As a movie personality Crosby first showed up in some short subjects and in an early talkie musical with bandleader Paul Whiteman; odd makeup choices and the 2-strip Technicolor process seemed to exaggerate his ears, making him look like a shaved monkey. That image awkwardness was straightened out by 1933 and Going Hollywood, an elaborate MGM musical actually produced by William Randolph Hearst's Cosmopolitan company.
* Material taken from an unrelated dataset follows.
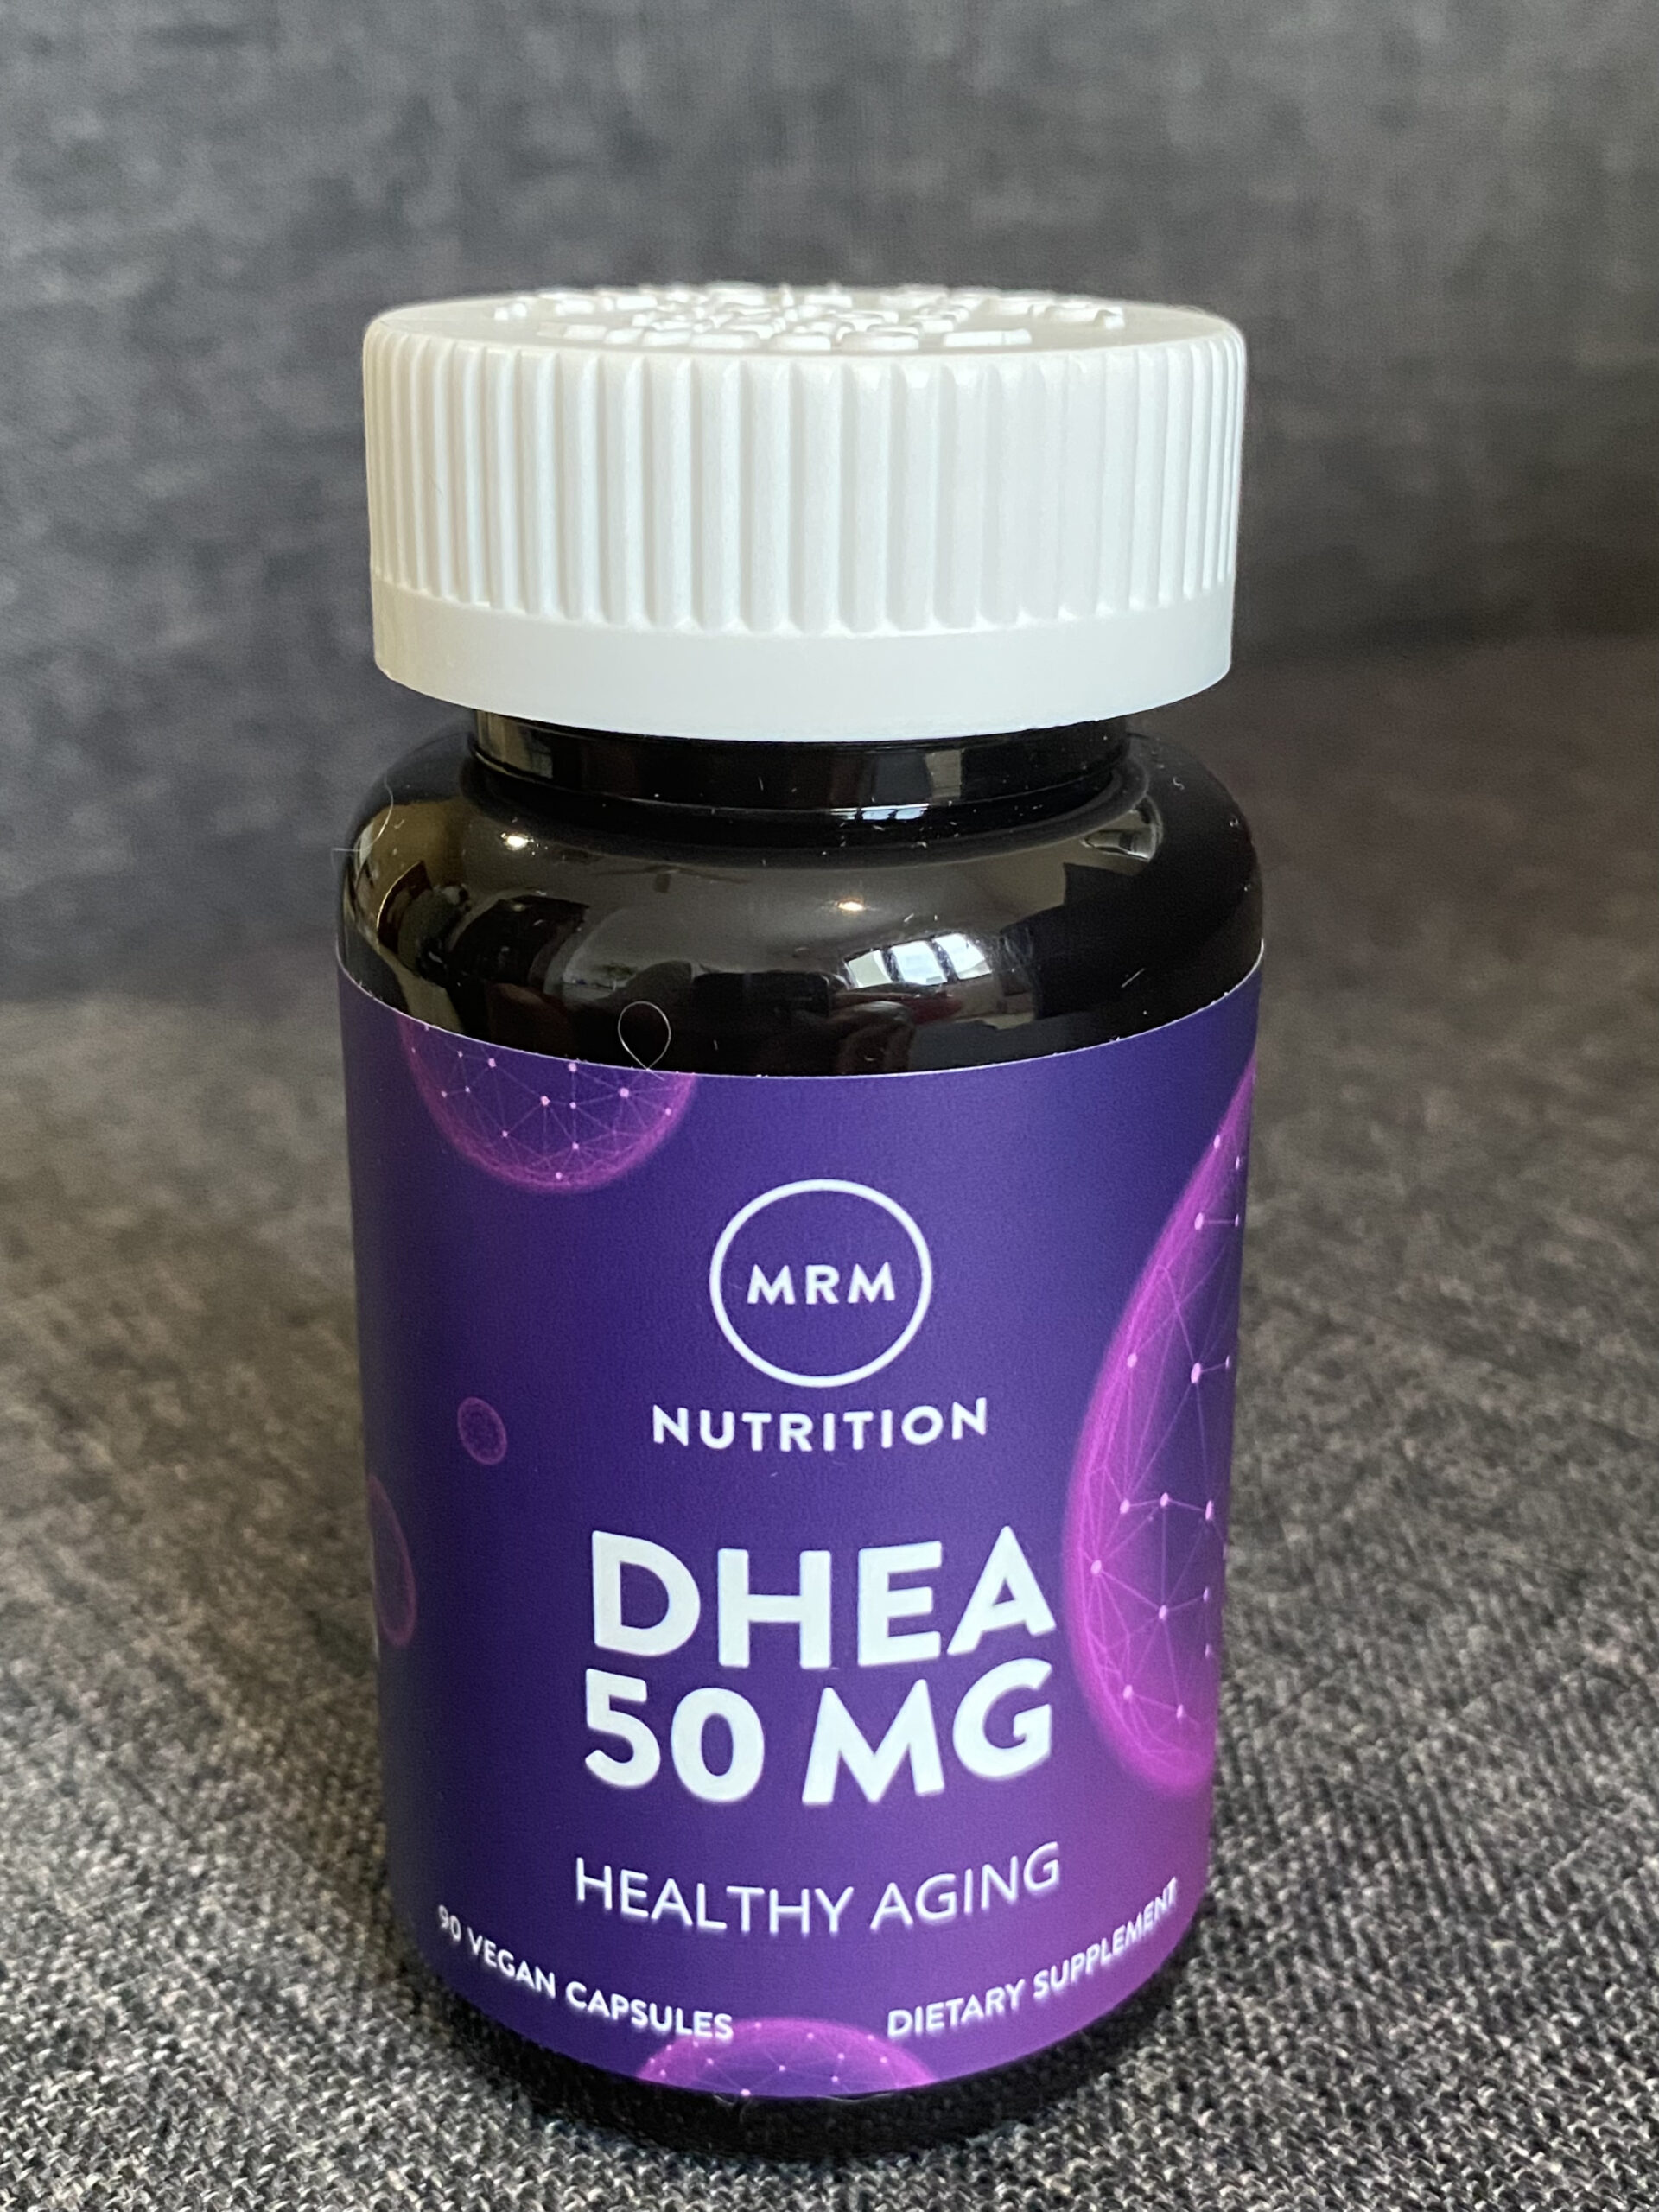 A Purple Bottle Of DHEA

Going Hollywood is a starring vehicle for Hearst's paramour Marion Davies, a talented comedienne unwisely promoted as a serious actress and glamorous clothes horse. Bing gets second billing but already shows more star appeal, even though the character he plays is a shallow cad. The movie is built around Crosby's songs, most of which are provided by the musical team of Arthur Freed and Nacio Herb Brown. Four of them are memorable winners, a good score for a 1932 non-Warners musical.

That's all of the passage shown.